I’ve got a data analysis project.
In an excel (.xlsx) file, I have 2 sets of data, each set in a separate tab of the file:
Data set 1. “DB Units” contains 41,786 unique people names, that’s the client base of a Business chain, and there is a field (column) that identifies to which unit of the chain each client belongs.
Data set 2. “DB Vendor” contains 2,022 people names, they are visitors from a vendor who may have visited one or more units of the chain.
This Project consists in identifying which of the vendor visitors are already within the client base of the chain, and to which unit those found belong.

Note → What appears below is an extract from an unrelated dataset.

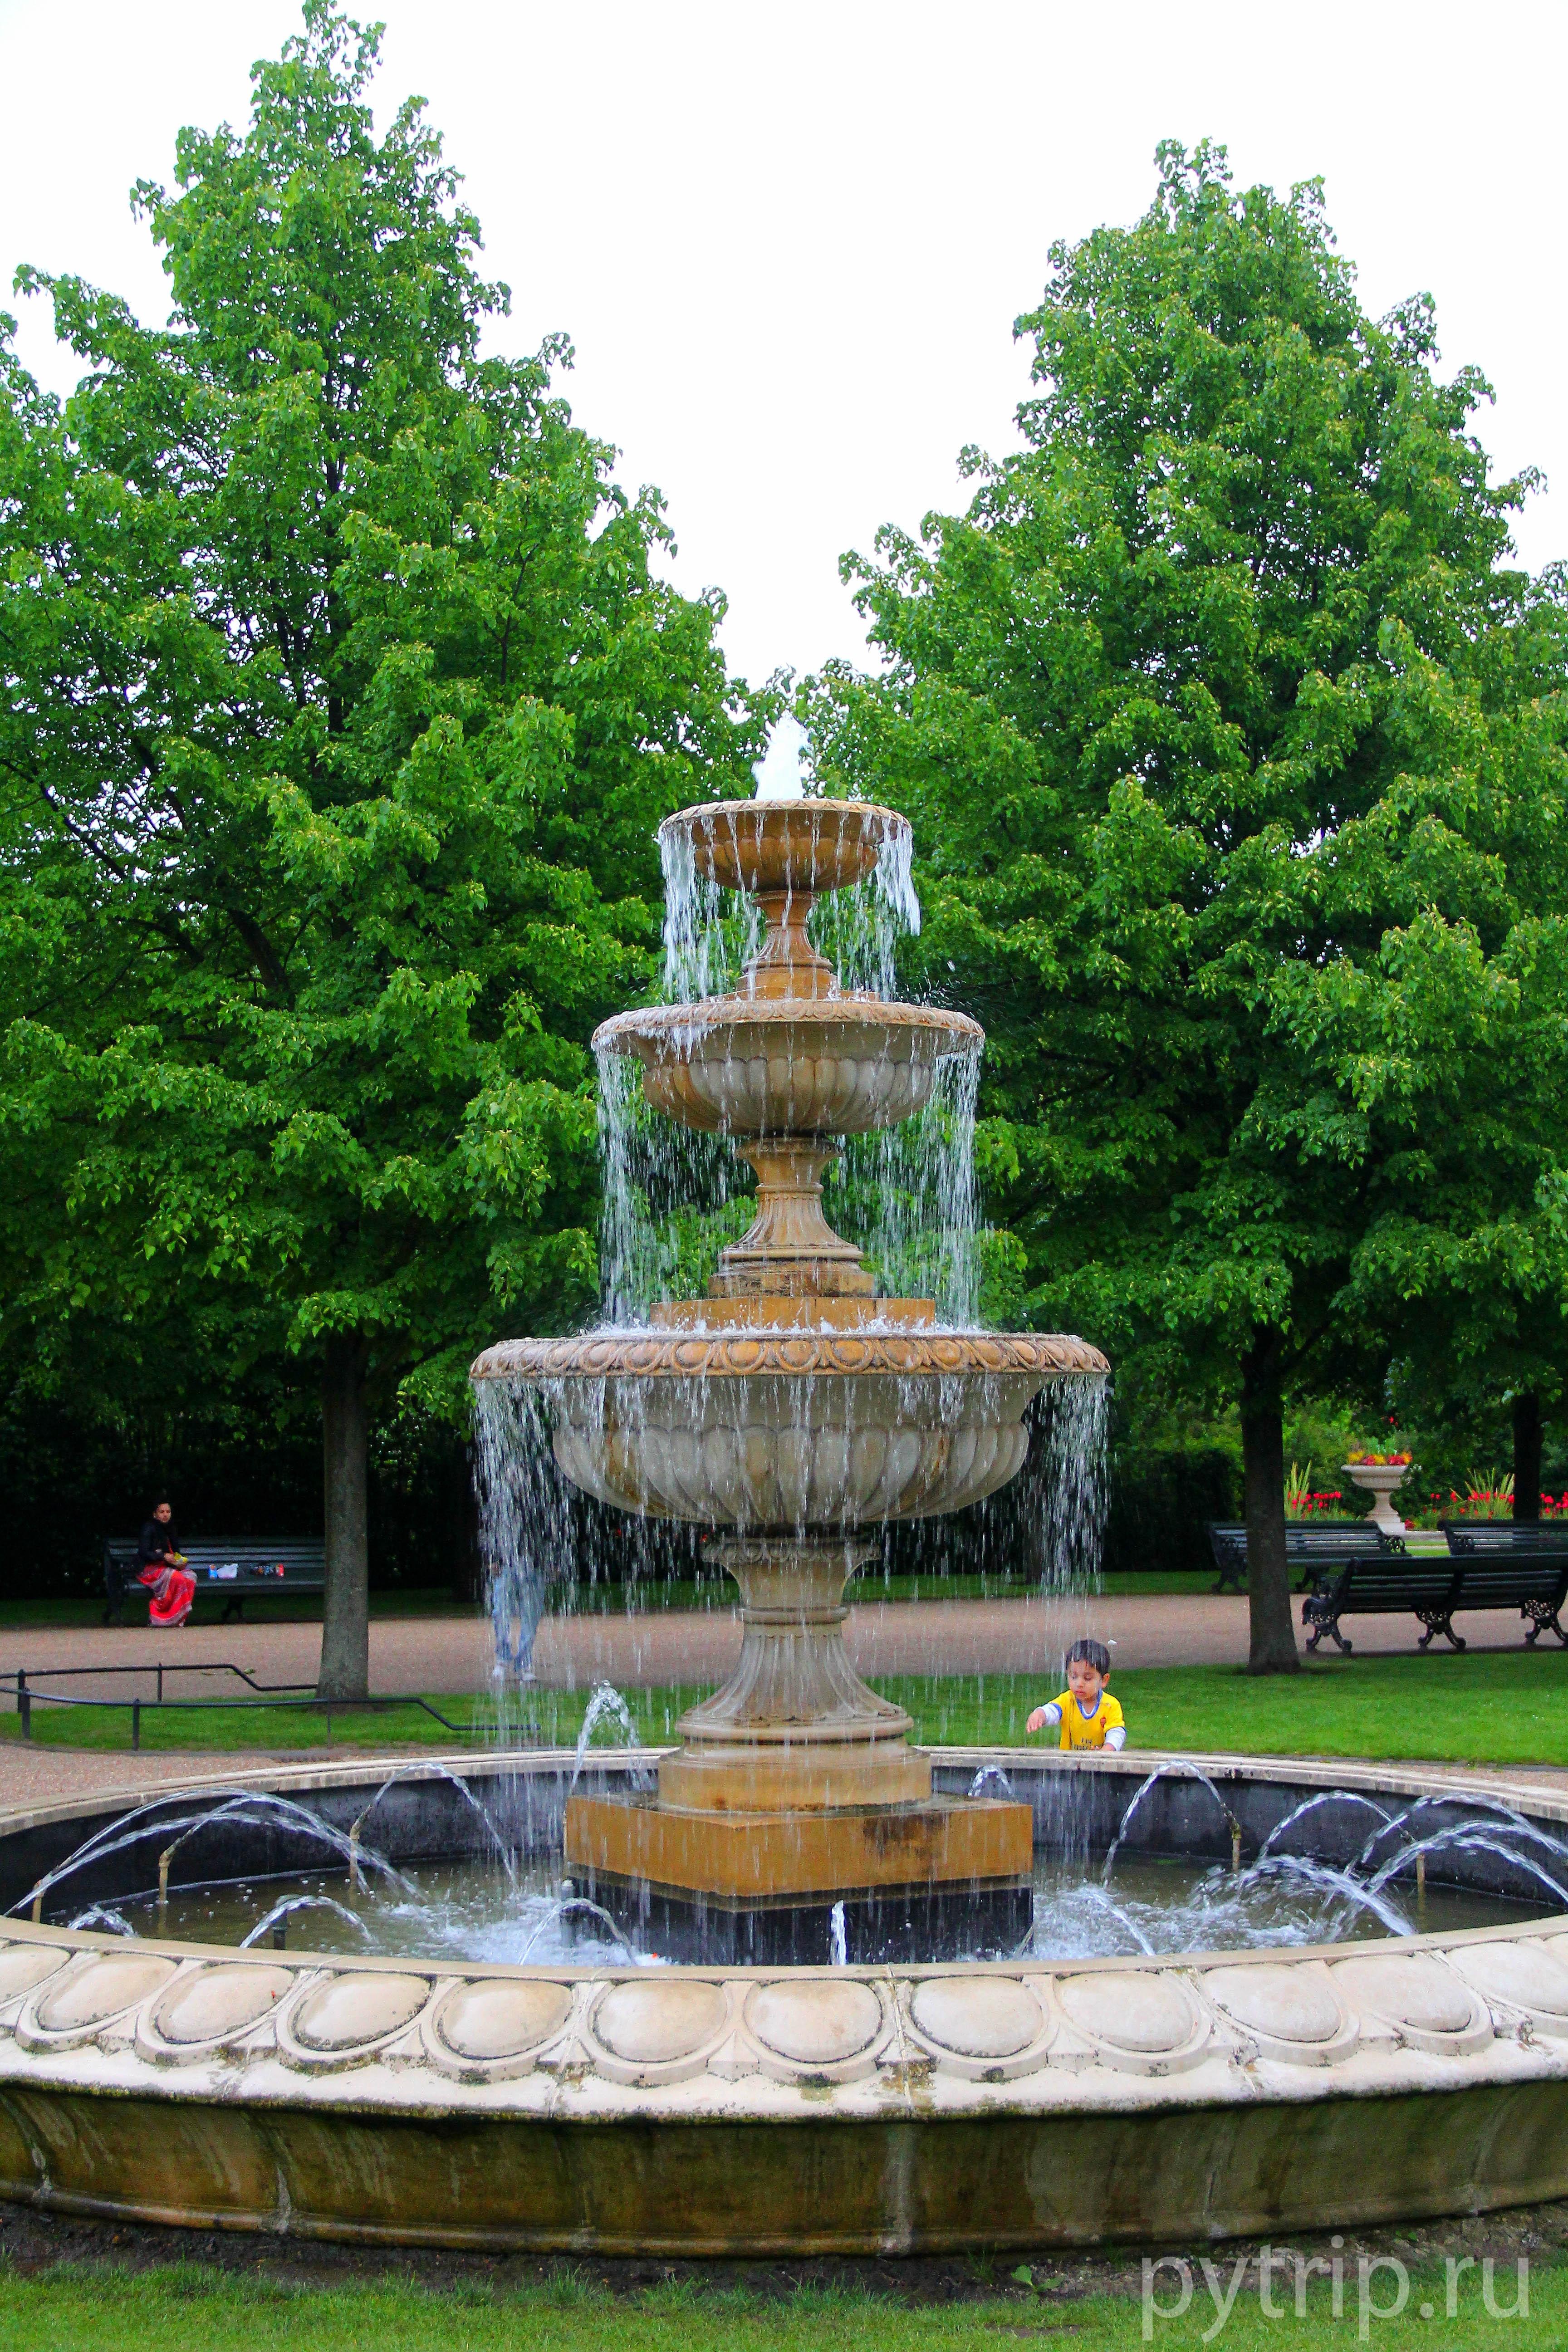 В парке очень красивые фонтаны

Be aware of the following:
- Both data sets come from different sources and the name of the same person may not be written identically. That is the challenge of this project; we have already identified the exact matches, but odds are that there are more matching visitors that have not yet been identified since one or more characters may differ between sets.
- The names are in Spanish and some contain the Spanish character “ñ”. We have taken out accents (á, é, í, ó, ú) from both sets.
- We have taken out special characters and double or triple spaces, leaving a single space between words on both sets.
- Complete names are usually formed by first names (first, middle and probably a third name) and 2 last names. Examples:
- Maria Antonieta Jimenez Martinez (Maria and Antonieta are first and middle names, Jimenez Martinez are both last names)
- Juan Roberto Lucas Vazquez Ramos (Juan Roberto Lucas are all names, while Vazquez Ramos are both last names)
We need someone who can go further than a vlookup search and can identify variations of the same name. We need you to identify and tag different types of matches:
- Type 1: Exact matches
- Type 2: High certainty matches: in which one or two letters may be missing from a typo but the rest of the name is the same
- Type 3: Medium certainty matches:
- One of two names may be omitted or abbreviated
E.g. Maria Rosa Jimenez Juarez vs. Ma. Rosa Jimenez Juarez, or Juan E. Lopez Vazquez vs. Juan Enrique Lopez Vazquez, or Juan Lopez Vazquez
- One last name may be missing. E.g. Juan Jose Rodriguez vs. Juan Jose Rodriguez Villanueva
- Any combination of the above that could lead to a match but there is not 100% certainty.
The end product is the list on the “DB Vendor” tab, having filled two fields for each match:
1. Match type
2. The corresponding “Consecutive unit” value for the Name Vendor that matched. (See excel file).